Drugs/ChemicalsAnesthetics Overdose Reaction (e.g. Reye’s syndrome) Addictive/recreational Alcohol Poisons (e.g. weedkiller, carbon monoxide)
Infection: Encephalitis, MeningitisPrion disease Viral: Hemorrhagic, nonhemorrhagic Bacterial: Brucellosis, meningococcal, syphilitic, tuberculous Protozoa and worms: Amebic, cysticercosis, malaria, dracunculiasis, toxoplasmosis, trichinosis, visceral larva migrans trypanosomiasis (sleeping sickness), schistosomiasis,
TraumaCerebral damage, hemorrhage, oedema
EndocrineHypo/hyperglycemia Hypo/hypercalcemia Myxedema Pituitary and adrenal disorders
MetabolicMetabolic acidosis. Hypo/hypernatremia
Organ failureHepatic, renal, respiratory
Benign and malignant, primary and secondary tumorsSpace occupying lesions
VascularInfarction Hypertensive encephalopathy Thrombosis Embolism Hemorrhage (intracerebral, brain stem, subarachnoid)
MiscellaneousPostepileptic seizure, hypothermia, hyperpyrexia, Wernick’s encephalopathy

Table 2 Glasgow coma score

RESPONSEDETAILS & SCORE
Best eye response (E)Eyes open spontaneously 4 - Eye opening to verbal command 3 - Eye opening to pain 2- No eye opening 1
Best verbal response (V)Orientated 5 - Confused 4 -Inappropriate words 3 - Incomprehensible sounds 2 -No verbal response 1
Best motor response (M)Obeys commands 6 - Localising pain 5 - Withdrawal from pain 4 - Flexion to pain 3 - Extension to pain 2 - No motor response 1
Coma Score = E + V + M (minimum = 3; maximum = 15) Coma Score of 13 or higher correlates with a mild brain injury, 9 to 12 is a moderate injury and 8 or less a severe brain injury: but the components should be presented with the score

Damage to Broca’s area (precentral cortex of the dominant hemisphere) produces an expressive dysphasia, the patient knowing what to say but unable to produce words. Mild degrees present as failure to name common objects and names (nominal aphasia). These conditions are commonly accompanied by inability to write (agraphia).
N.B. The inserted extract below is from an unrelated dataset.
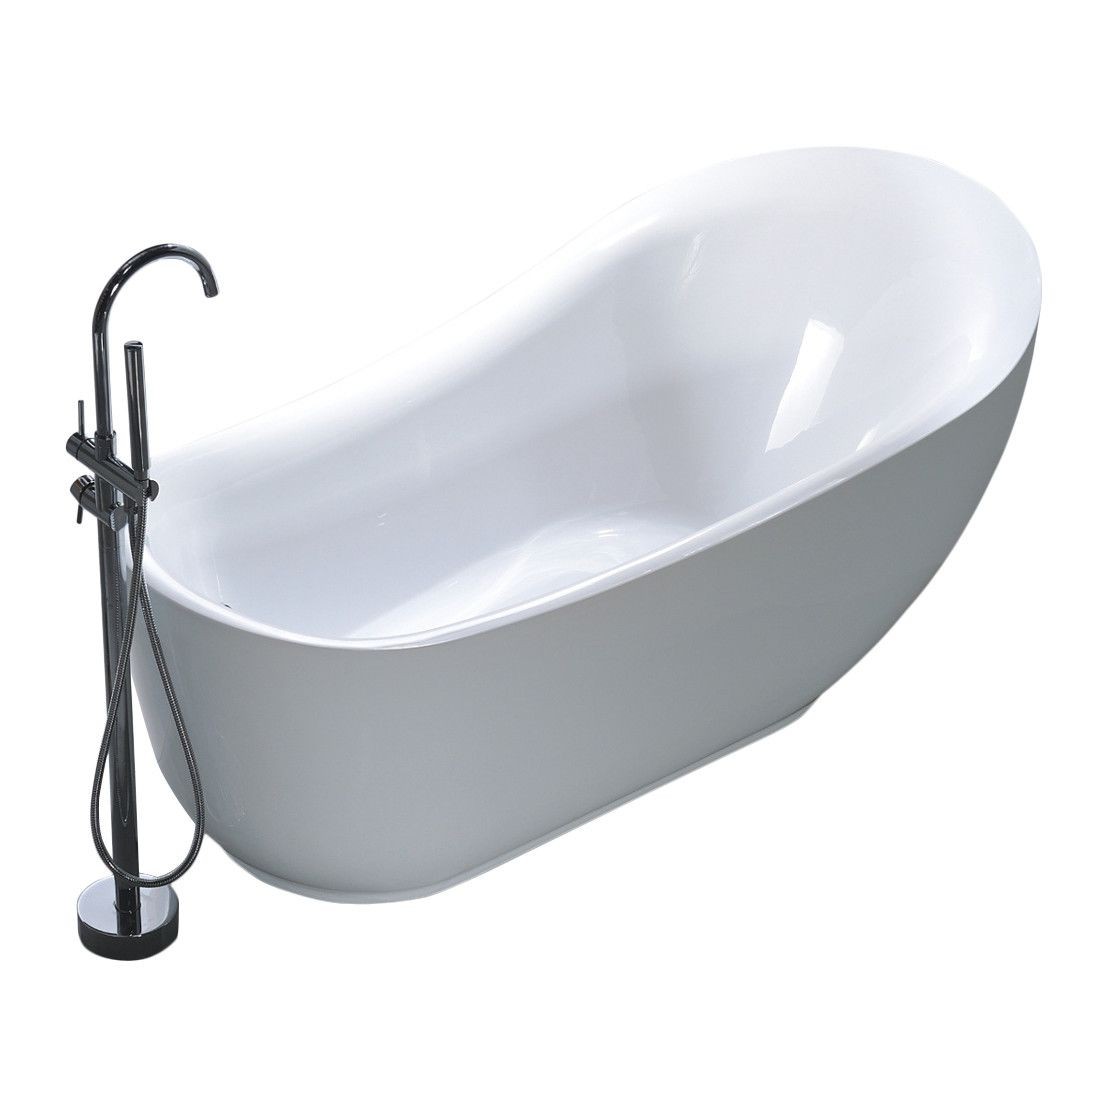 VANITY ART VA6512-L 70 7/8 INCH FREESTANDING ACRYLIC SOAKING BATHTUB WITH ROUND OVERFLOW AND POP-UP DRAIN - WHITE

Dysphasia may also be produced by lesions of the parietal region due to failure of understanding of the spoken or written word (receptive aphasia, word deafness and word blindness). If Broca’s area is not affected the subject may produce a stream of disconnected words (jargon aphasia). More commonly, extensive lesions affect the expression as well as the understanding of speech (global aphasia).

Disturbances of memory may be short or long term; the former is frequently due to organic disease and may be reversible. Visual symptoms are considered with the cranial nerves (page 29).

Motor symptoms include paralysis, spasticity, incoordination and abnormal movements. Mild paresis may present with fatigue and weakness, such as diminution of grip, dropping things and toe catching when walking. Spasticity may be due to pyramidal or extrapyramidal disease. In milder forms it presents with stiffness.

Cerebellar dysfunction interferes with everyday activities, such as writing and eating, or may produce a mild intension tremor and loss of balance. Abnormal movements include the tremor of Parkinson’s disease, tics and choreiform movements.

The distribution of the sensory disturbances of anesthesia, parasthesia (pins and needles), numbness, increased sensation (hyperesthesia) and pain, provide important information on the localisation of lesions; visceral pain may be referred to somatic dermatomes.